Inocybe alnea and I. ochracea, regarded by some as the same species, can also be distinguished from I. saliceticola by the presence of protruding nodules on the spores. DNA analysis confirmed that they were separate from I. saliceticola, and, in any case, it is possible that they do not grow in association with willow. I. hirculus has been recorded growing near I. saliceticola, but can be differentiated both macroscopically and microscopically; the mushrooms of I. hirculus have a much more fibrillose cap, and the stem does not join a bulb, while the spores are larger. Macroscopically, I. rivularis, which could grow in similar habitats to that of I. saliceticola, produces larger mushrooms and has powder only towards the top of the stem. It also differs microscopically.

==Distribution and habitat==

I. saliceticola has been recorded in Finland and Sweden.

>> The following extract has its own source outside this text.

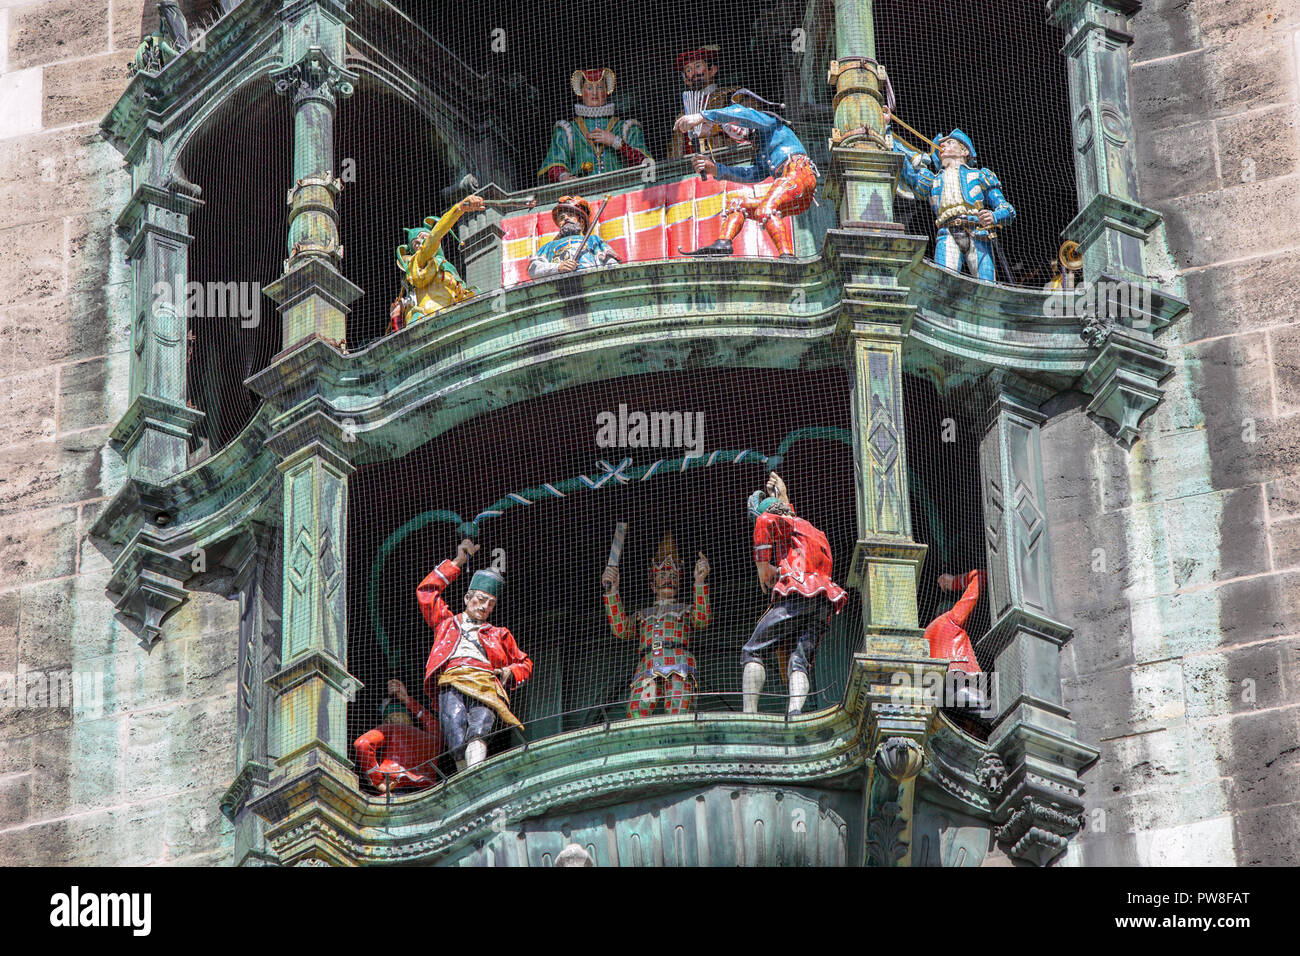 Close-up image of the Glockenspiel in Marienplatz, Munich. Stock Photo

Inocybe saliceticola grows in a mycorrhizal association with willow (Salix). Precise favoured species are unclear; at least one of the tea-leaved willow (Salix phylicifolia) or the dark-leaved willow (S. myrsinifolia) is a possible symbiont, while other trees that the species has been found near include the bay willow (S. pentandra), the grey willow (S. cinnerea), the grey alder (Alnus incana) and species of birch (Betula). I. saliceticola is found most typically in moist thickets or woodland close to shores, but recordings have also been made in other moist habitats. Mushrooms are encountered on the ground, growing from detritus or amongst moss, such as the heart-leaved spear-moss (Calliergon cordifolium), the spiky-bog moss (Sphagnum squarrosum) and species of Mnium. They are typically near plants such as the tufted loosestrife (Lysimachia thyrsiflora), the creeping buttercup (Ranunculus repens), the common marsh-bedstraw (Galium palustre), the purple marshlocks (Comarum palustre) and the purple small-reed (Calamagrostis canescens), and share the habitat with other Inocybe, including I. acuta and I. lacera var. helobia.

Inocybe saliceticola has been recorded in several locations around Finland, ranging from the hemiboreal zones in the east and the south of the country, to boreal areas in the north, and it has also been found in Sweden, close to the Klarälven. At least in North Karelia, Finland, it is relatively common in the right habitats. It is one of over 150 species of Inocybe found in the Nordic countries, and fruit bodies can be encountered between late July and early October.